Дом в Каролино-Бугазе был небольшой, но ухоженный. Соседка передала ключи и коробку с письмами.
— Ваша бабушка была очень хорошей женщиной, — вздохнула пожилая дачница. — Всё о внучке рассказывала: «Оленька», «Оленька». Школьные фотографии показывала, которые мать иногда привозила.
Ольга зашла в дом, села за старинный письменный стол. Вынула первое письмо из пожелтевшей пачки.
«Моя дорогая внученька! Сегодня тебе исполнилось семь лет. Мама сказала, что ты не хочешь меня видеть, но я всё равно пишу. Испекла тебе торт с клубникой — помню, ты любила…»
Руки задрожали. Ольга открыла следующее письмо.
«Оленька, тебе уже десять. Мама рассказала, что у тебя хорошие оценки. Я так горжусь! Вяжу тебе свитер, надеюсь, угадаю размер…»
И ещё одно.
«Милая моя, ты уже студентка! Какая гордость! Хочу крепко обнять тебя, рассказать про папу. Он не плохой человек, просто слабый. А слабость — не порок, это беда…»
Ольга читала и плакала. В каждом письме — боль, надежда, безграничная любовь к неизвестной внучке. Бабушка умерла, так и не узнав, что Ольга никогда её не отвергала.
Телефон зазвонил. Мать.
— Оля, ты где? Уже поздно…
— Читаю письма. — голос дрожал от слёз.
— И что там?
— Там любовь, мам. Чистая, искренняя любовь. Которую ты украла у нас обеих.
Долгий молчаливый момент.
— Оля, приезжай домой. Поговорим.
— Не уверена, что смогу с тобой говорить. — Ольга закрыла глаза. — Понимаешь, мам, я сейчас читаю письмо, где бабушка пишет, что мечтает научить меня печь пироги. А в другом — что собирается завещать мне дом, чтобы у меня было своё место в жизни.
— Оля…
— А ты тридцать лет рассказывала мне, что я у тебя одна! Что никому больше не нужна!
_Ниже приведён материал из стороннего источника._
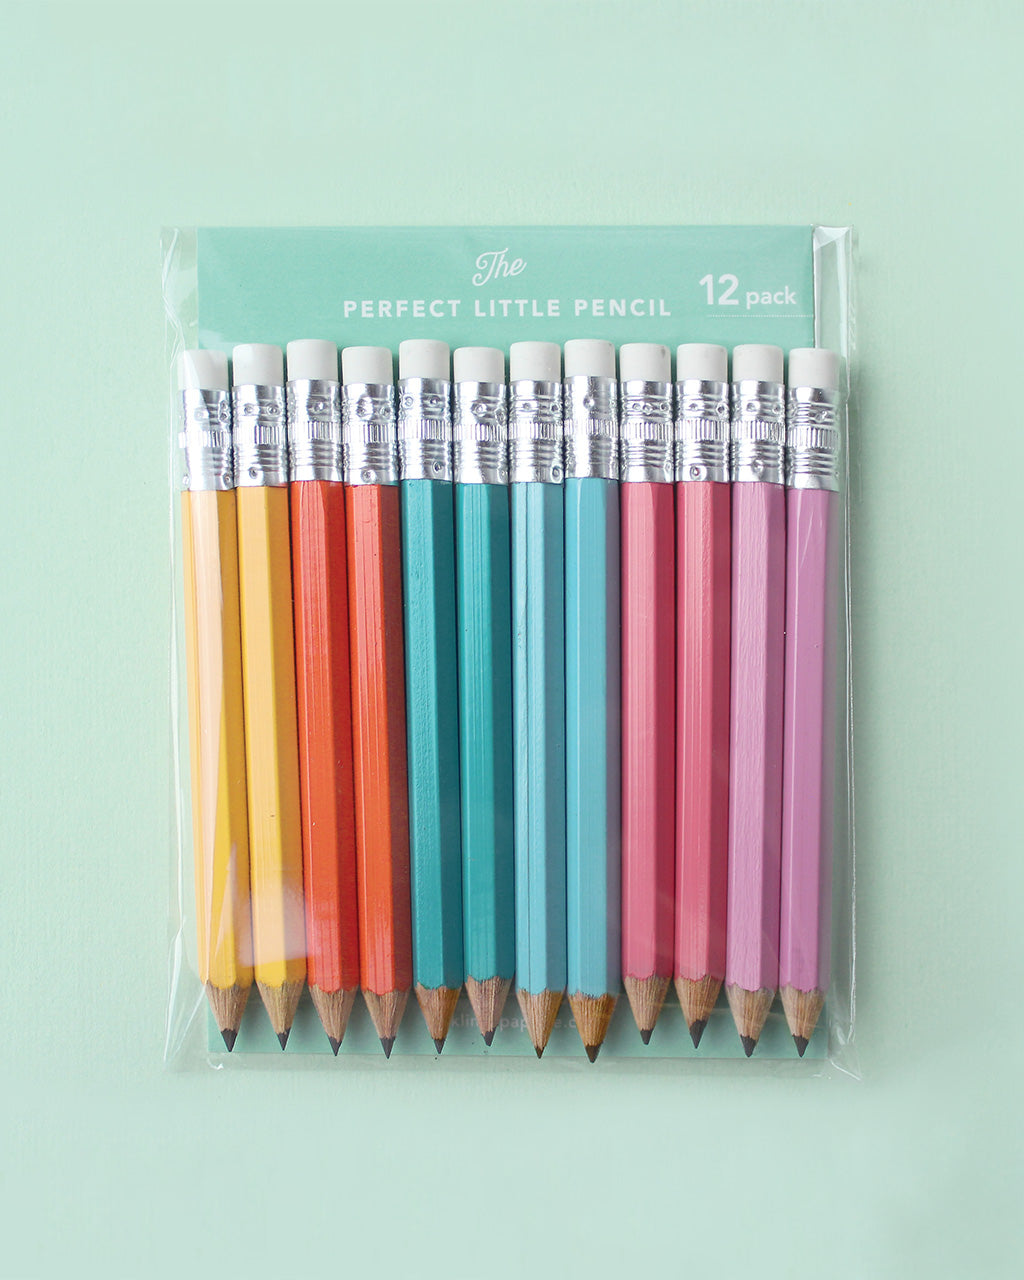 Mini Colored Pencil Set With Case , Eraser and Sharpener — Two Hands Paperie

— Ты действительно была у меня одна…
— Нет, мам! — Ольга поднялась, прижимая трубку к уху. — У меня была бабушка, которая любила меня всю жизнь! И ты это знала!
Она повесила трубку, отключила телефон.
На кухне нашла банку варенья с запиской: «Для Олюшки. Твоё любимое клубничное». Открыла, попробовала. Вкус детства, которого у неё никогда не было.
В спальне — связанные свитера разных размеров. От детского до взрослого. Бабушка каждый год вязала и складывала в шкаф, надеясь, что когда-нибудь внучка их наденет.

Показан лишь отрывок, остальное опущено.